Trapped ions have been used in some of the most advanced demonstrations of quantum information processing to date, with as many as 14 ions entangled at once. Ions are also seen as a promising system for simulation, thanks to research showing that their vibrational modes (phonons) can mimic the widely applied 'Bose-Hubbard model'. This model is invoked to describe the properties of some types of quantum phase, such as Mott Insulator and superfluid states.
Researchers are keen to have a tunable system to simulate the properties of the Bose-Hubbard model, with the hope both of understanding better the behaviour of existing materials and for informing the design of new ones.
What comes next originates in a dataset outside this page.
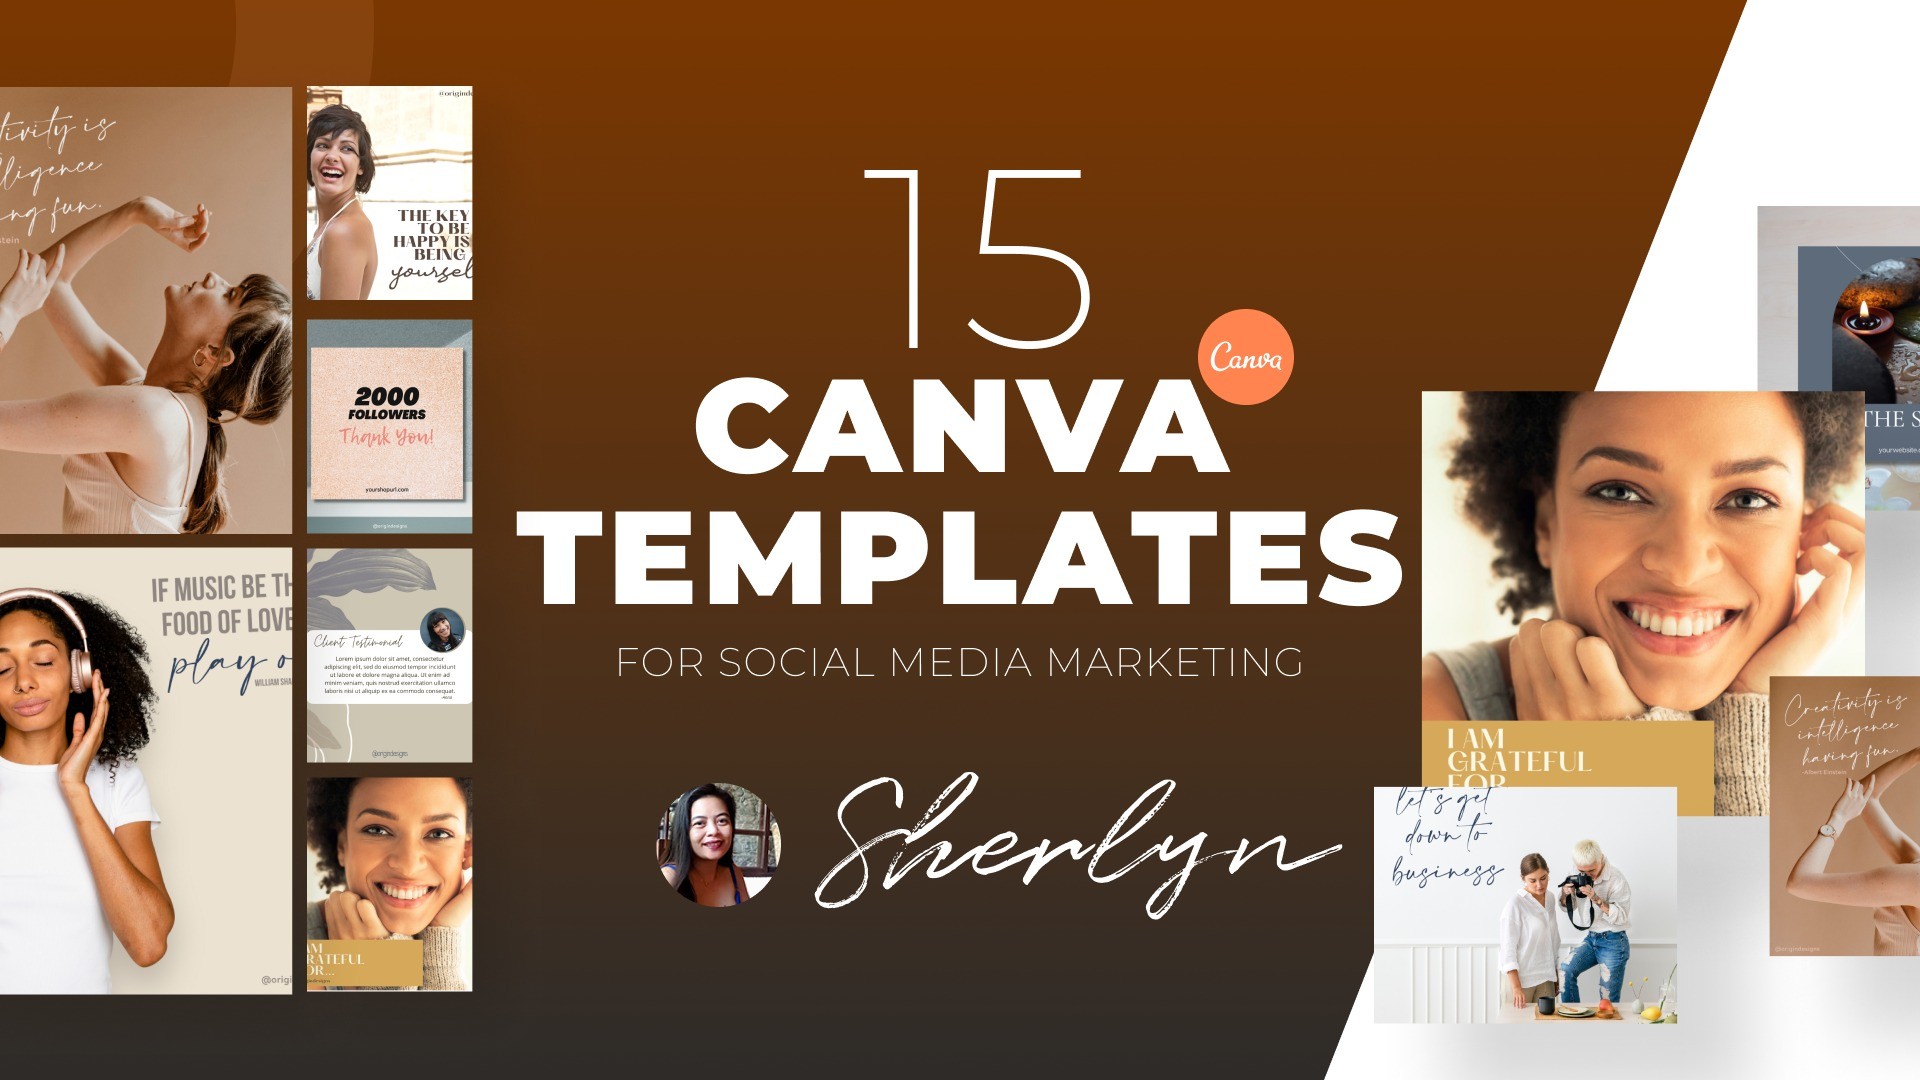 15 Canva Templates For Social Media Marketing by Sherlyn

Manas and his co-authors Tarun Dutta, a CQT PhD student, and Krishnendu Sengupta at the Indian Association for the Cultivation of Science in Kolkata, India, looked in detail at the schemes proposed to implement Bose-Hubbard models in ion trap system. They realised that making phonons interact differently can be applied to other goals, too. The co-authors show that it is possible to set up an entangled state of phonons or concentrate all the phonons at one ion by using just one phase ramp of a laser. Because phonons in this system are effectively heat (in the form of vibrational energy), moving all the phonons to one ion is equivalent to cooling the rest. One could imagine computing schemes where one ion is sacrificed as a heat sink, protecting other ions that are involved in the calculation.
The approach could be relatively easy to implement. Setting up the phonon interactions involves one laser shining on one ion at a time – applying a potential over a finite ramp time – which requires less complicated apparatus than other approaches for creating entanglement or doing cooling. The technique can also be applied to ions that are difficult to cool by other methods, such as the Ba+ ions that Manas and his group are working with.
In an ion trap experiment, the ions are typically confined along a line using electric fields and held in a vacuum so that they have minimal interaction with the environment. They are cooled to near the zero point energy of the trap potential so that they remain almost perfectly still. (At room temperature, atoms are zipping around at speeds of a few hundred metres per second.)
Manas and his team began building their ion trap setup after Manas joined CQT as a Principle Investigator in 2012. In November, they trapped their first clouds of ions (pictured right). This is a first step towards having well-controlled string of particles to experiment on.
In the paper, Manas and his coauthors also calculate experimentally relevant parameters for creating entangled states and cooling in the Ba+ system they are implementing. Manas says the proposal is on the team's list of longer-term science goals.
For more details, see "Ramp Dynamics of Photons in an Ion Trap: Entanglement Generation and Cooling", Phys. Rev. Lett. 111, 170406 (2013); arXiv:1305.5555.